Adams boarded a ship on Christmas Day, 1943. It was part of a large convoy of troop ships, destroyers, supply ships and an aircraft carrier that slowly made its way across the Atlantic.
“One day, everything stopped,” he said. “There could be no smoking, no talking, no noise. It lasted an hour or two. There must have been a sub(marine) nearby. I never heard any charges or anything and I never learned why we stopped. Then we went on. We landed at Liverpool. We’d been on the water 12 days.”
The soldiers went from the ship right onto a train — this time, a British one — that took them to Honeybourne, barely a crossroads in the English countryside.
“Our camp was farmland. They’d put up a bunch of tents. The latrine was finished but the shower hadn’t been finished. There was no heat. You could take a cold shower if you wanted to, but it was January! Keep in mind that we hadn’t had a shower for 12 days. Well, you could have taken a salt water shower but you weren’t allowed to use fresh water (on the ship),” Adams said.
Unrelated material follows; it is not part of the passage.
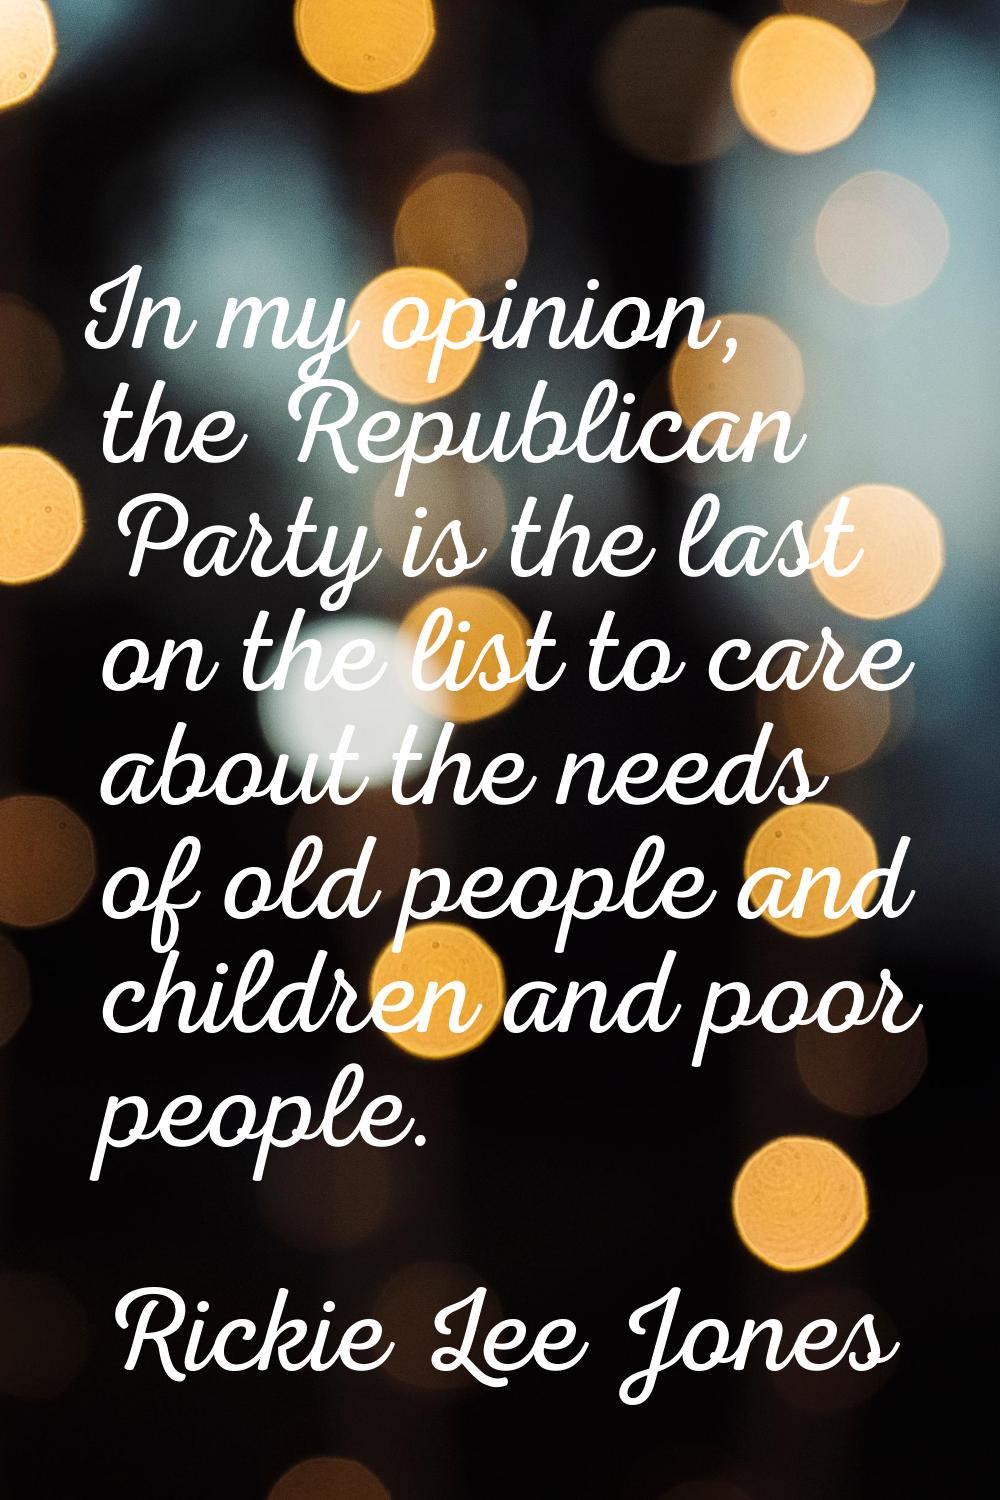 In my opinion, the Republican Party is the last on the list to care about the needs of old people a
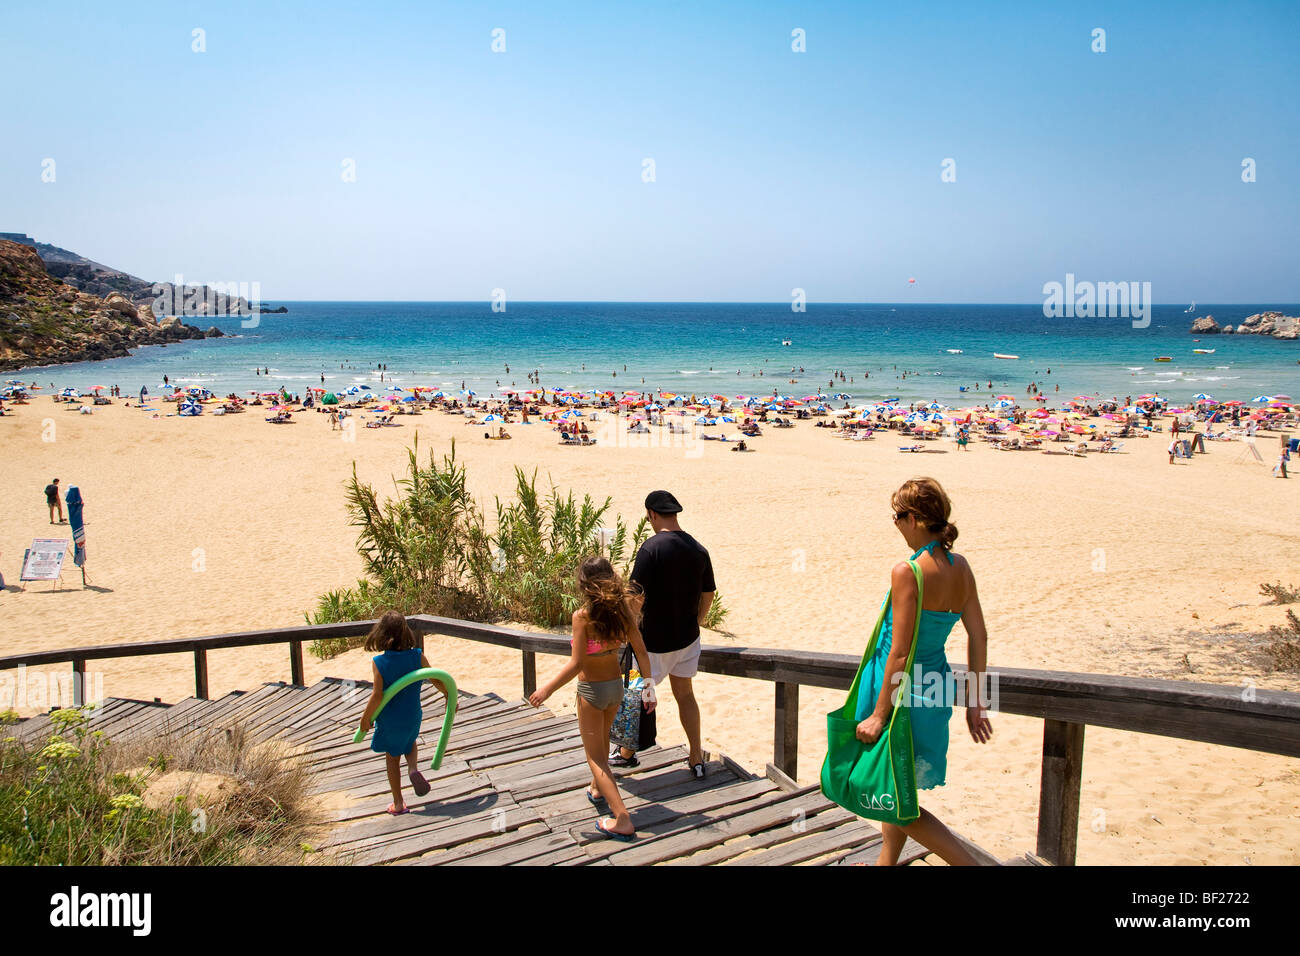 People going downstairs to the beach, Golden Bay, Malta, Europe Stock Photo

They made their own mattresses by stuffing bags with straw. The camp, called G24, was his home for the latter part of 1944.
“I went back to driving. I hauled parts in and out. Prior to D-Day, we started hauling stuff to the ports. By D-Day, we had nothing left in our warehouses,” he said. His unit was transferred to camp G25, where heavy artillery and vehicles were assembled.
“A 2 1/2-ton truck would arrive (as parts) in a box,” he said. It was there that he and his buddies watched all the planes that were part of the D-Day invasion fly right over them.
“We didn’t know what was going on,” he said.
His next move was to infantry training. He was billeted in barracks that were an ancient cavalry building. There were fireplaces at each end.
“The guys near the ends burned up. The guys in the middle froze to death,” Adams said. He and his company were training to replace soldiers in France and Belgium.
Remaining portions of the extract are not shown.